Grab A Bunk In The Dot-Com Dorm
airrage writes "According to this Washington Post article, the University of Maryland has created "dot com" like dorms complete will all the necessary executive perks: wood desks, leather chairs, wireless, whiteboards; all to encourage entrepreneurship. Apparently, it's working too. Twenty of the students have created their own start-up firms, and six are already generating revenue."
...if I recall correctly there was language in all the paperwork I signed when I went to school that said something to the effect of 'everything you do while you're attending college belongs to the college'.
Does anyone know of any possible consequenses to this type of arrangement, or if that sort of agreement is even enforcable?
On the other hand, maybe they're just playing the odds that if they throw 100 people together and provide the infrastructure and cell phones, one of them is bound to come up with enough of a marketable idea to make a bajillion dollars.
That's my purse! I don't know you! -- Bobby Hill
What about the ownership of the individual business models or products?
At my university, all products and ideas developed on university owned equipment is property of the university.

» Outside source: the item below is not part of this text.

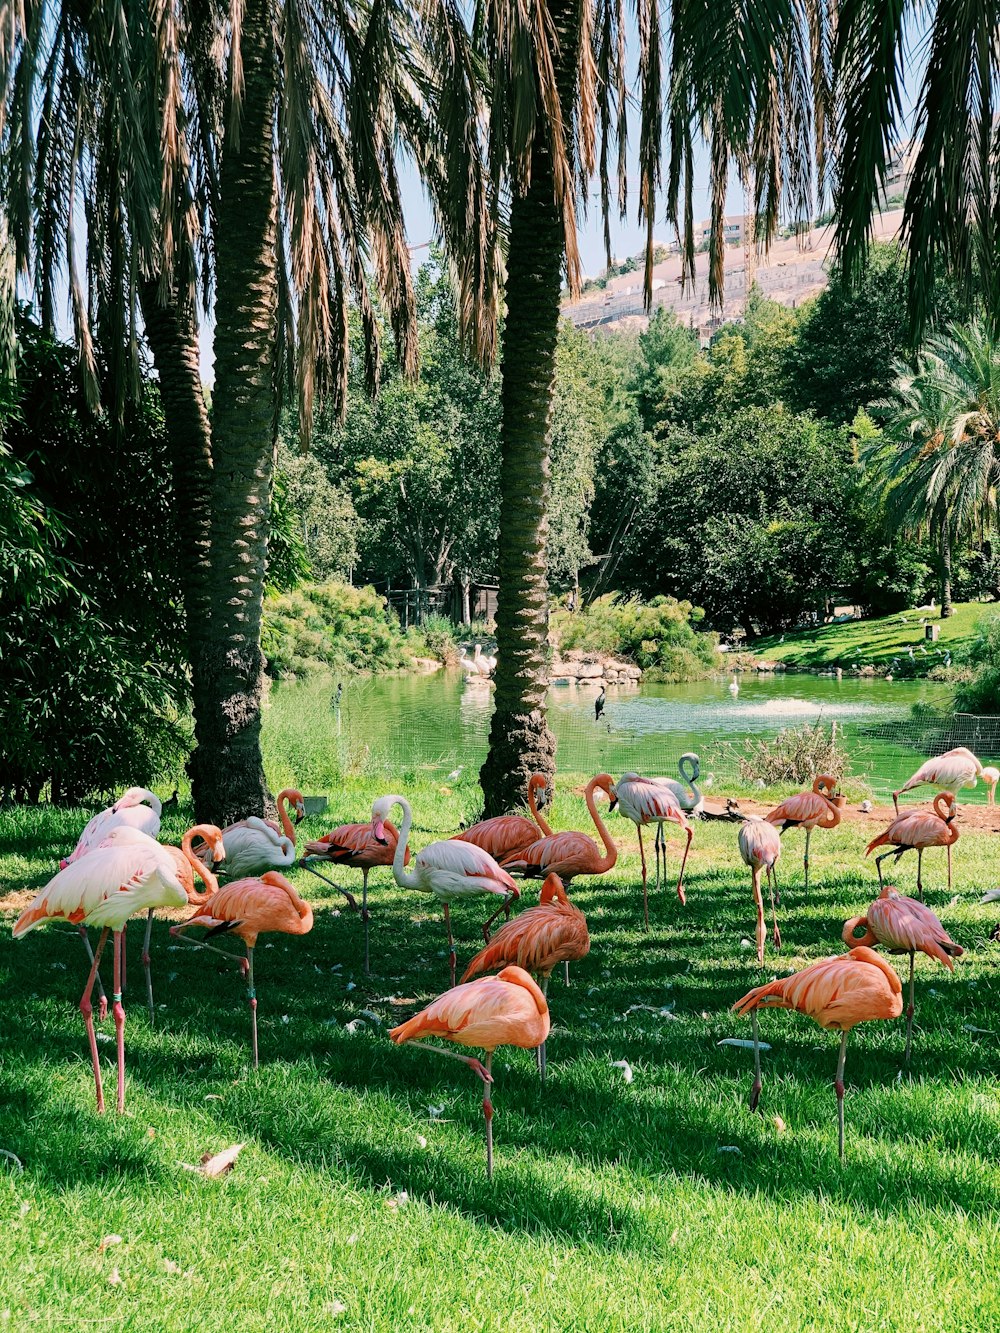 flock of flamingos on green grass field during daytime

Is that to say that since the whiteboards and other "idea-inducing" workspaces and utilities are functionally provided by the university, and on university property, should they belong to the university?
Should they and will they are obviously two different questions...
When modding "Informative", please make sure it both has a source and IS actually informative.
Other privileges of living in South Campus Commons include monthy inspections by the RAs (yes, you do pay money to a private company to live under Resident Life rules -- even though we are technically "off campus" housing). It's not uncommon for the hot water to go out for days at a time, frequently with no notice.
And the kicker? The lease that I signed forbade running a business from my room. In other words, unless they modified the lease for these Hinman CEOs, they're all in violation.
We *definitely* do not live in spaces that would ever be confused with executive furnishings.